Safeguarding in Practice


Safeguarding is the action which helps promote the welfare of people and prevents them from any harm and danger. It is important for care providers is to protect the old age people health and serve them extra care which assist in improving their wellbeing in a better manner. The essay is focused on discussing the scenario in which Doris face arthritis disease and due to this, she cannot trust anyone. The main purpose of this essay is to two safeguarding intervention that can be used for empowering and review how such interventions would work with this person. In addition to this, describes the safeguarding intervention and justify the reason behind using safeguarding intervention that is accurate for the legislation, evidence and guidance.
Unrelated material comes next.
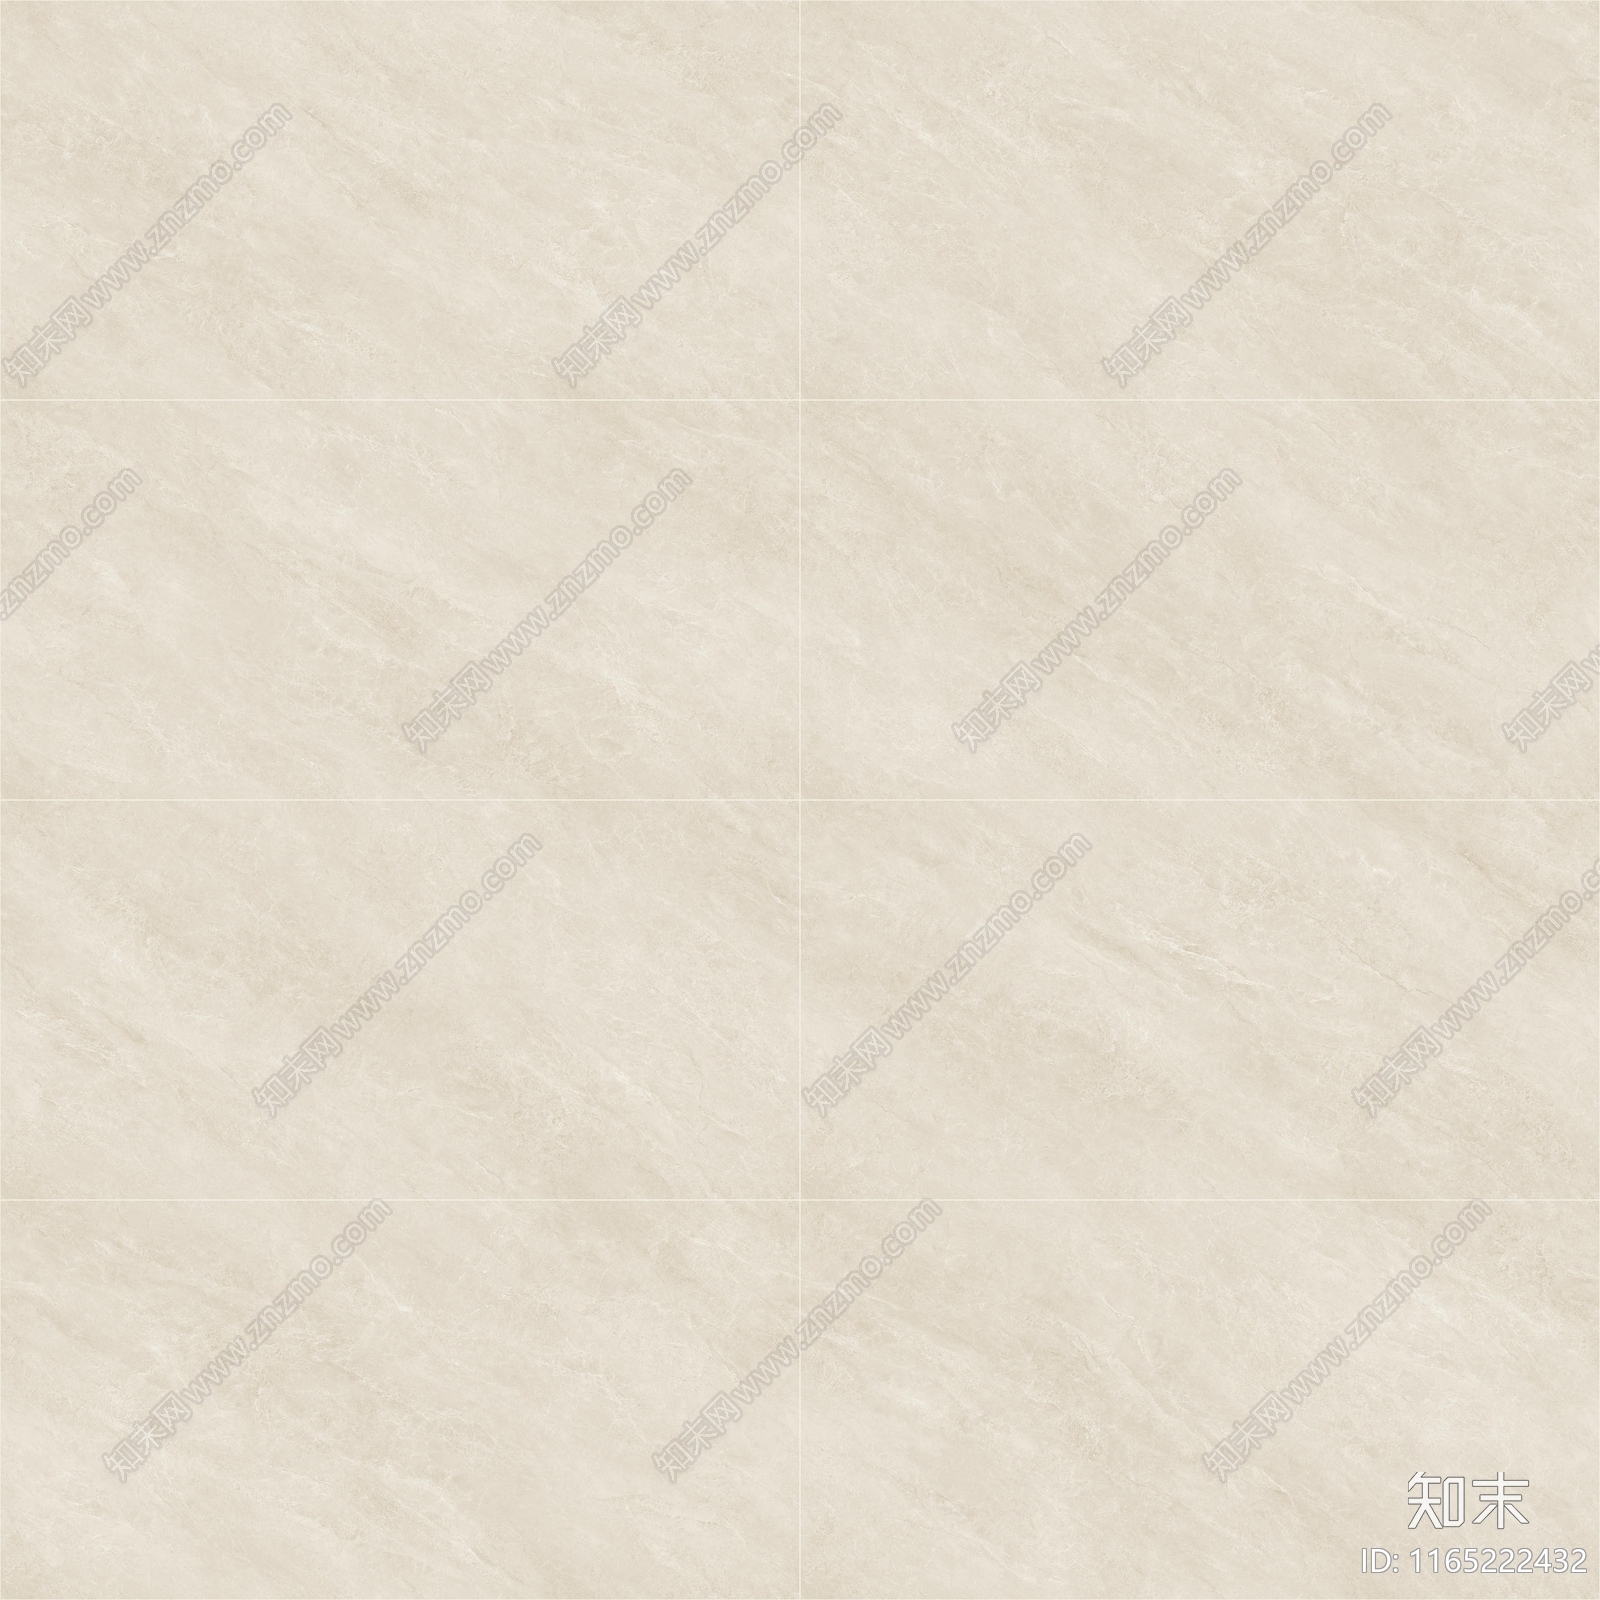 现代奶油瓷砖贴图下载【ID:1165222432】

1. Describe the safeguarding intervention.

Key Safeguarding interventions are the interventions of the manual physical restraints which are used in crisis for the protection of the individuals from harming themselves or from harming others or intervention by the enforcement of the law. The safeguarding interventions are highly useful in the caregiving prospects of the elders who are not able to take care of themselves. Making safeguarding personal is the key safeguarding intervention which is a sector-led initiative as it aims for the development of the results which are attained by the safeguarding work. This intervention also works for the support of people using the various ranges of responses for the improvement and resolving of their circumstances (Crow, et. al., 2018).
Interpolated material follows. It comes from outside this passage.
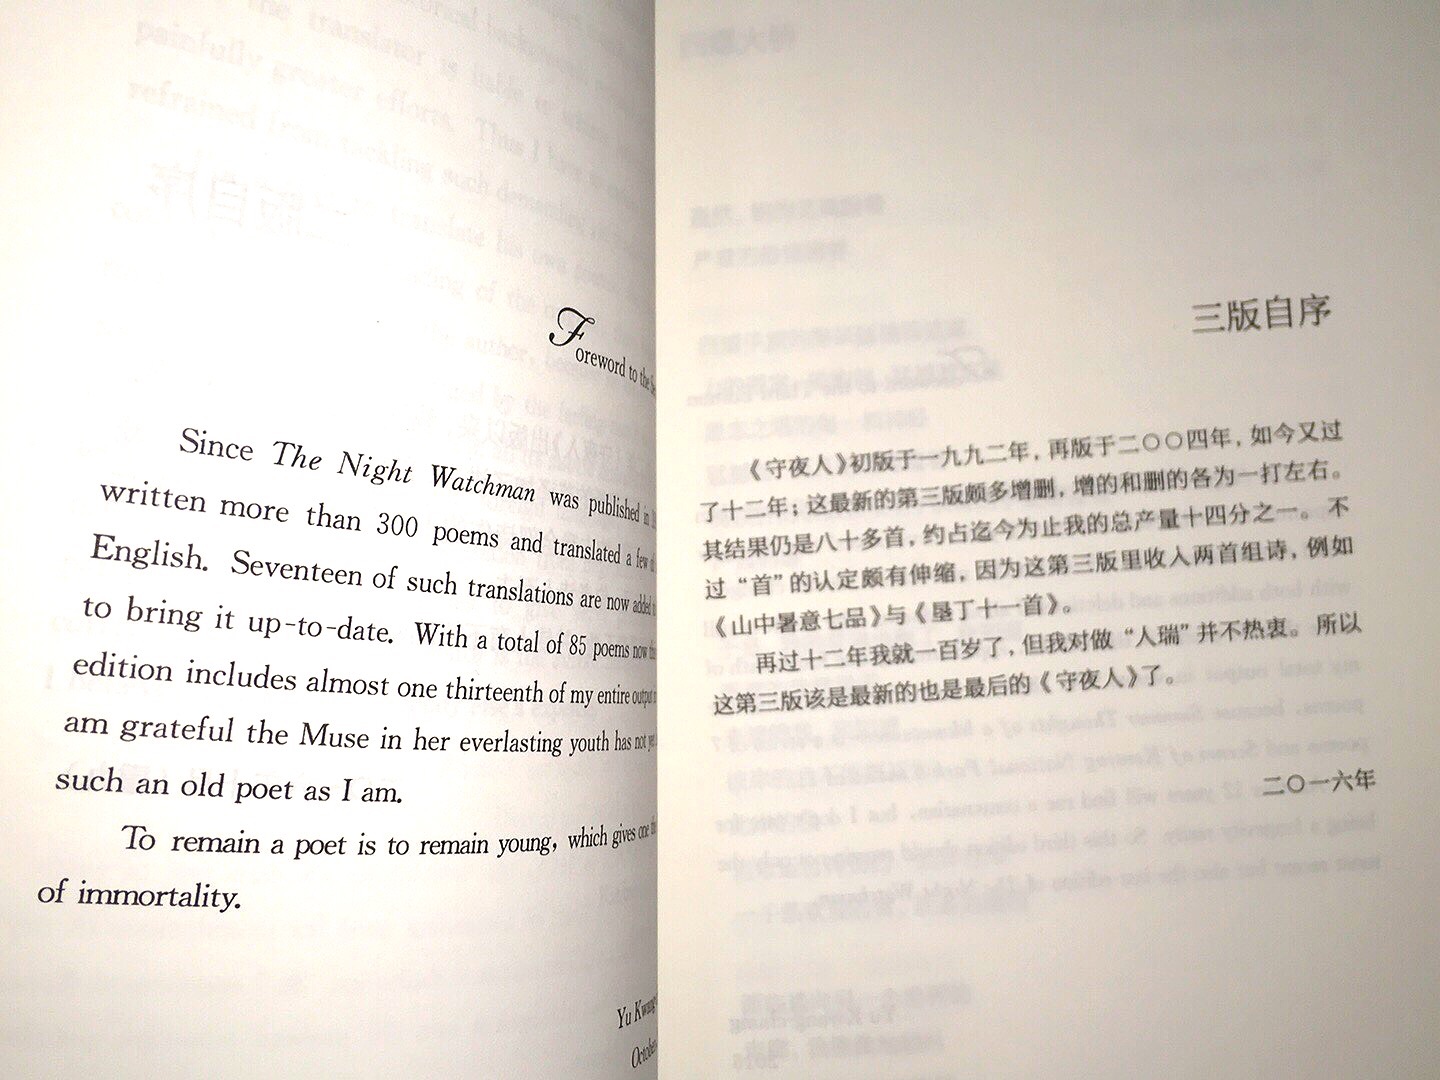 前部分是中文，后部分英文。字体偏小，且每页留白较多，排版有问题。

The making safeguarding personal has support for the tools which is used in the measuring effectiveness and improving or enhancing the safeguarding the practice for the availability. Making safeguarding personal can be developed using the personalised outcomes of the people who are being provided with the care and support for the daily requirements or who may have been abused as strategically goal and key operational. The making safeguarding personal can be developed using broader participation strategies for providing care services. The focus on the qualitative reporting on the results along with the measures of the quantitative measures will help in the development of making safeguarding personal for providing the care services. Advocacy can also be used as a development factor for the MSP (Graham, et. al., 2016). The person’s centred approaches need to be applied for the working strategies and risks are analysed in the whole situation for the care giving services to the older people who are not stable enough to do the caring things on their own. The making safeguarding personal is the important key safeguarding intervention which is used for the safeguarding practices for the elders to provide the care services in case they will harm themselves or harms others following the law of enforcement. The key safeguarding interventions are important for providing the best services for older people.

Positive risk-taking is another kind of key safeguarding interventions which is involved in the consideration of the situations in which the possibilities of what could go wrong or what should be done for the client in which the family and the carer can have the confidence that the risk is worth a shot. The positive risk-taking is most advantageous for the situations of the patient who are being provided with the care services. The positive risk-taking is the risks in which the situation for the things to get wrong are minimum that is why it is called the positive risk-taking in the care services which will be providing the risk of the health and the chances are of the positive outcomes (Lawson, 2017). The positive risk-taking is being considered as the decisions being made based on the variety of choices available for the support and the availability of the adequate and accurate information about the situations and the actions which are being prepared to be taken. Positive risk-taking is an important key safeguarding intervention as the positive risk is the process which is initiated with the finding of the potential harms and benefits.

The results of the positive risk-taking are to achieve personal changes or growth to encourage and support the people who are taking the risk for health. The risk-taking increases the people’s choice and controlling power in their lives which is managed by the key safeguarding interventions. The positive risk-taking is very important as they are the key safeguarding interventions which are considered for the supporting individuals for taking the positive risks as the personal dignity, protection from the abuse and neglecting of the risks factors. The positive risk-taking is very useful for the deciding of the factors or actions which are in need to be taken as the help for the client in the care giving services. The positive risk-taking is the key safeguarding interventions which are being imported for the results in the care giving for the patients to protect them from any kind of harm as the process of the safeguarding. This is the best situation of the positive risk-taking opportunities for the whole care giving services. 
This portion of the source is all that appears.